RECORDED DATA:
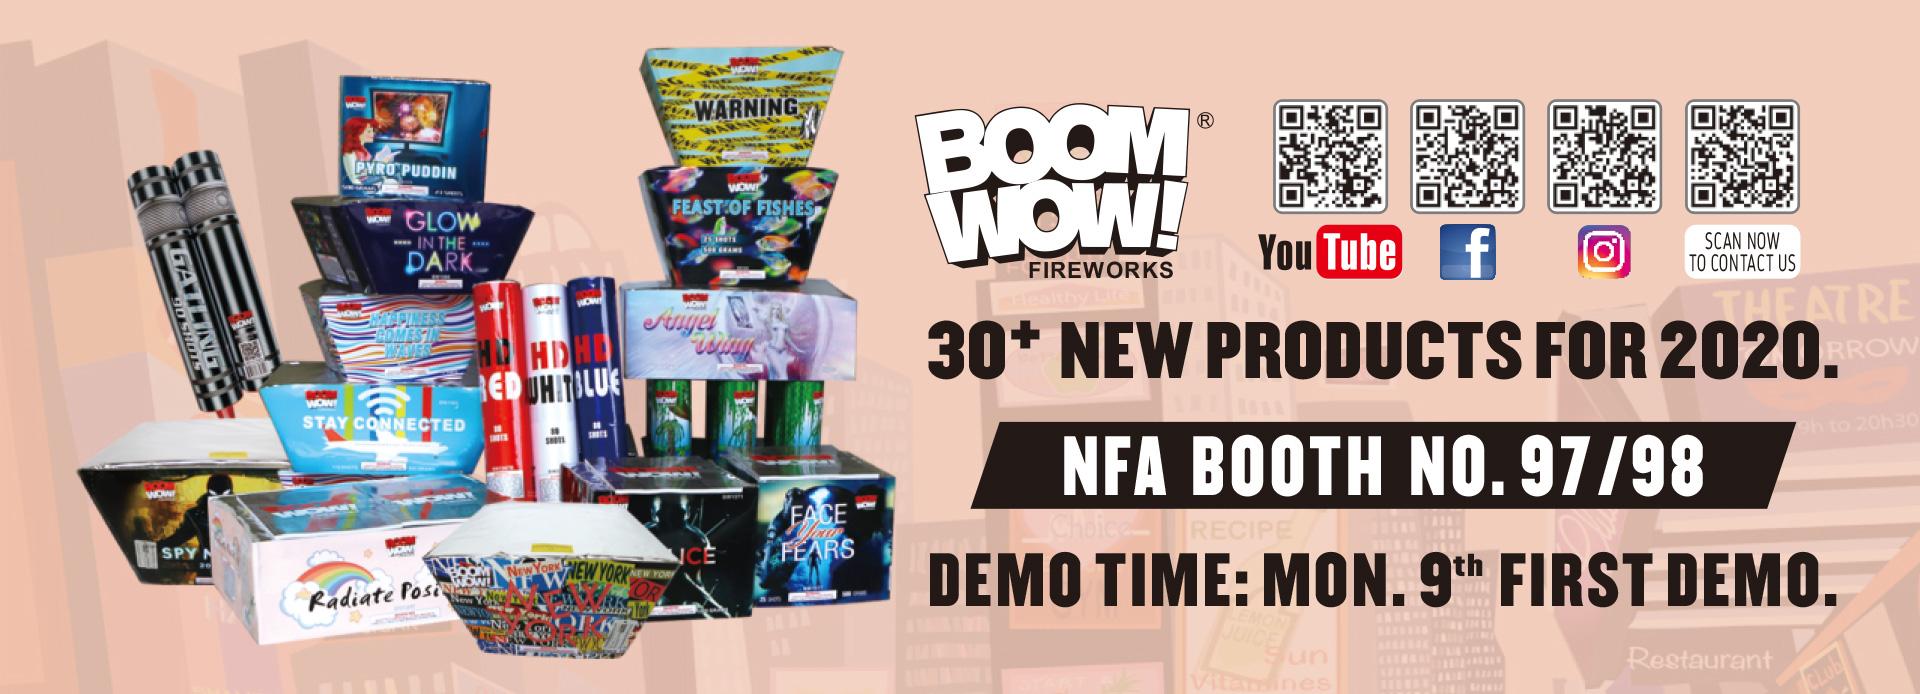 boomwow fireworks
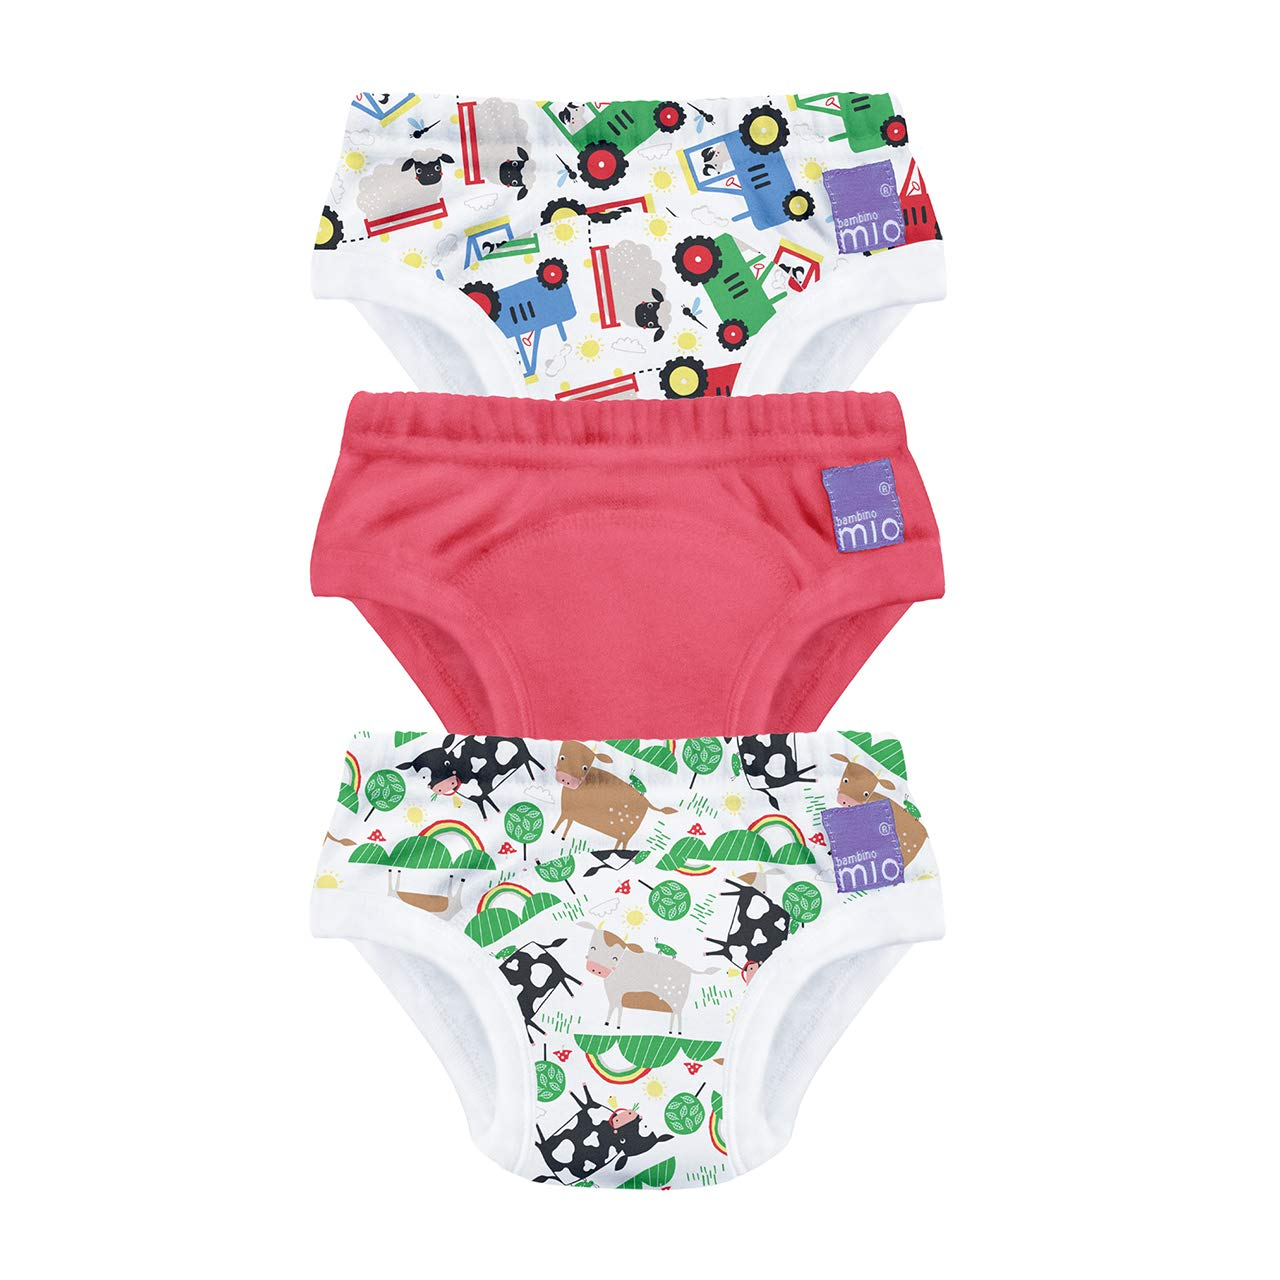 Bambino Mio Bambino Mio, Potty Training Pants, Farmer Friends, 3+ Years, 3 Pack
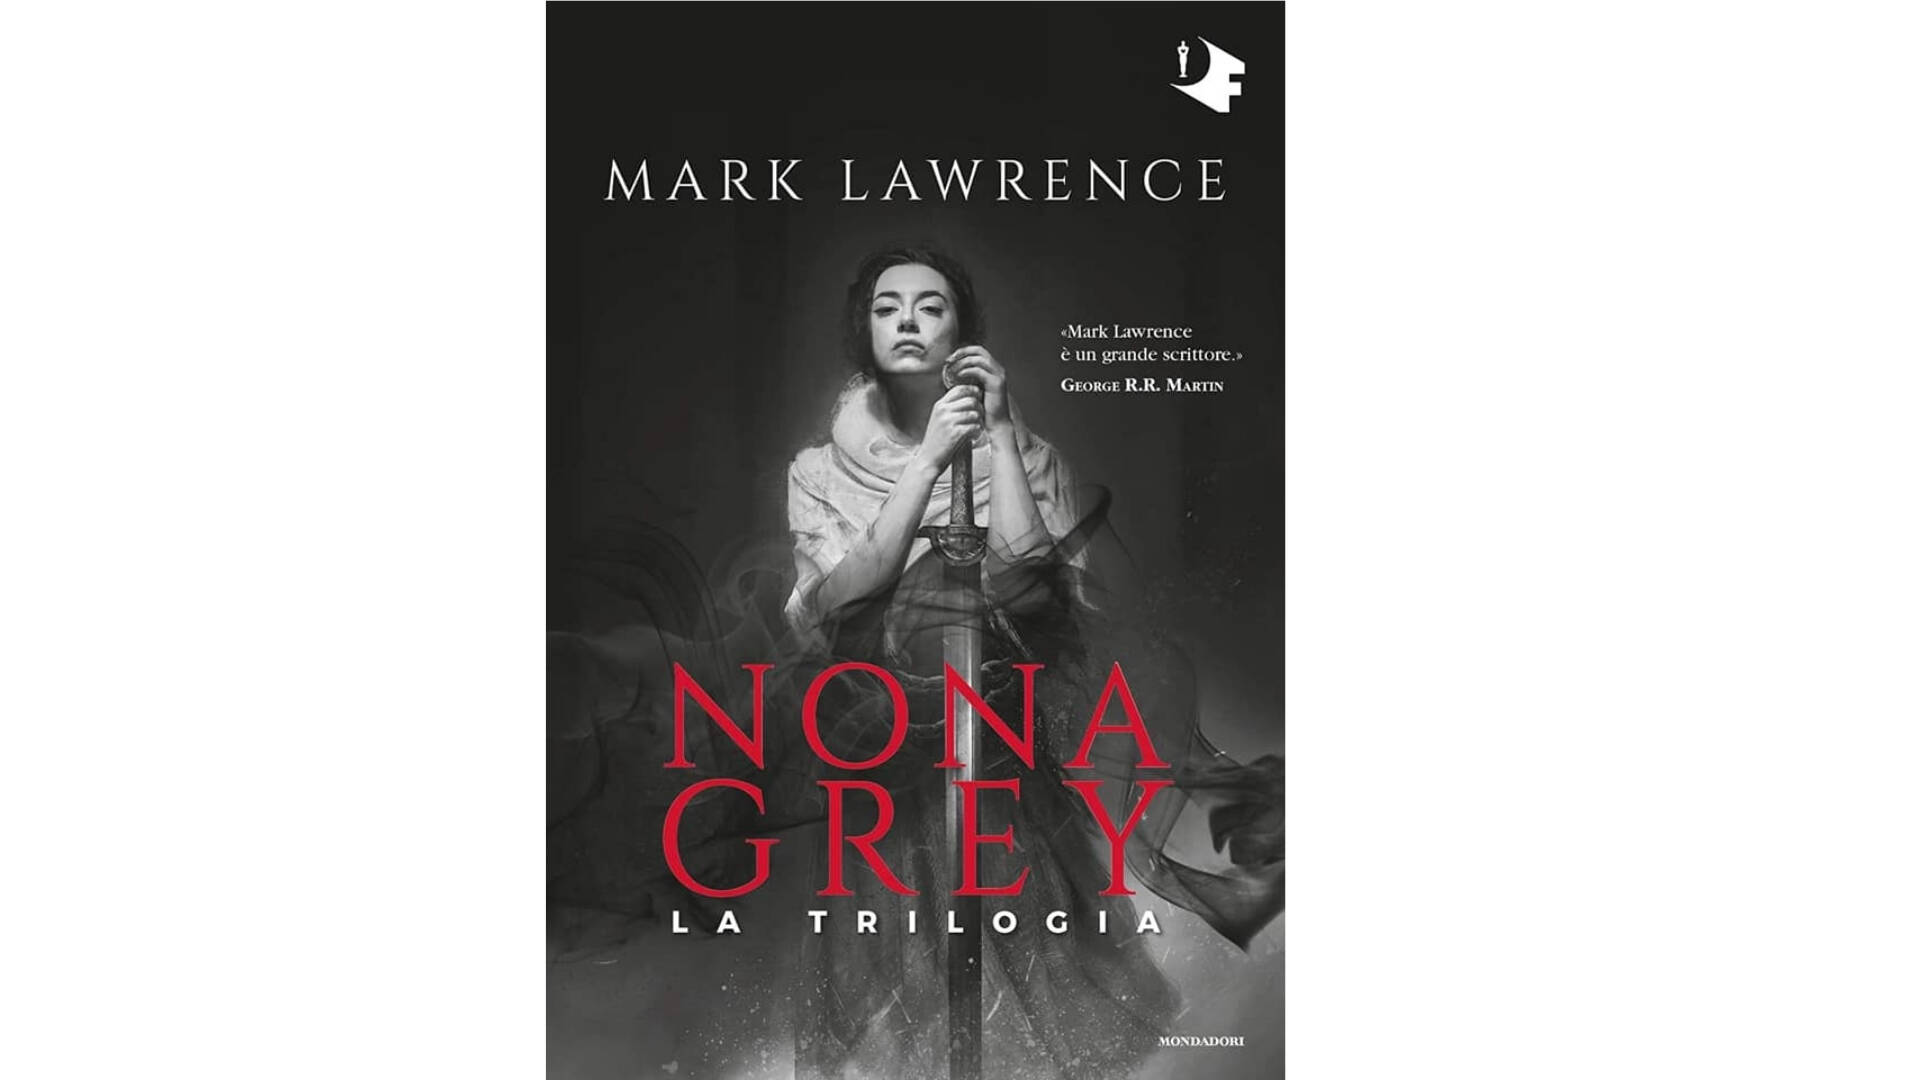 nona grey 4

WORK INSTRUCTION:
Reproduce the listing exactly. The pictures are to be omitted.

RESPONSE TO THE TASK:
 boomwow fireworks
 Bambino Mio Bambino Mio, Potty Training Pants, Farmer Friends, 3+ Years, 3 Pack
 nona grey 4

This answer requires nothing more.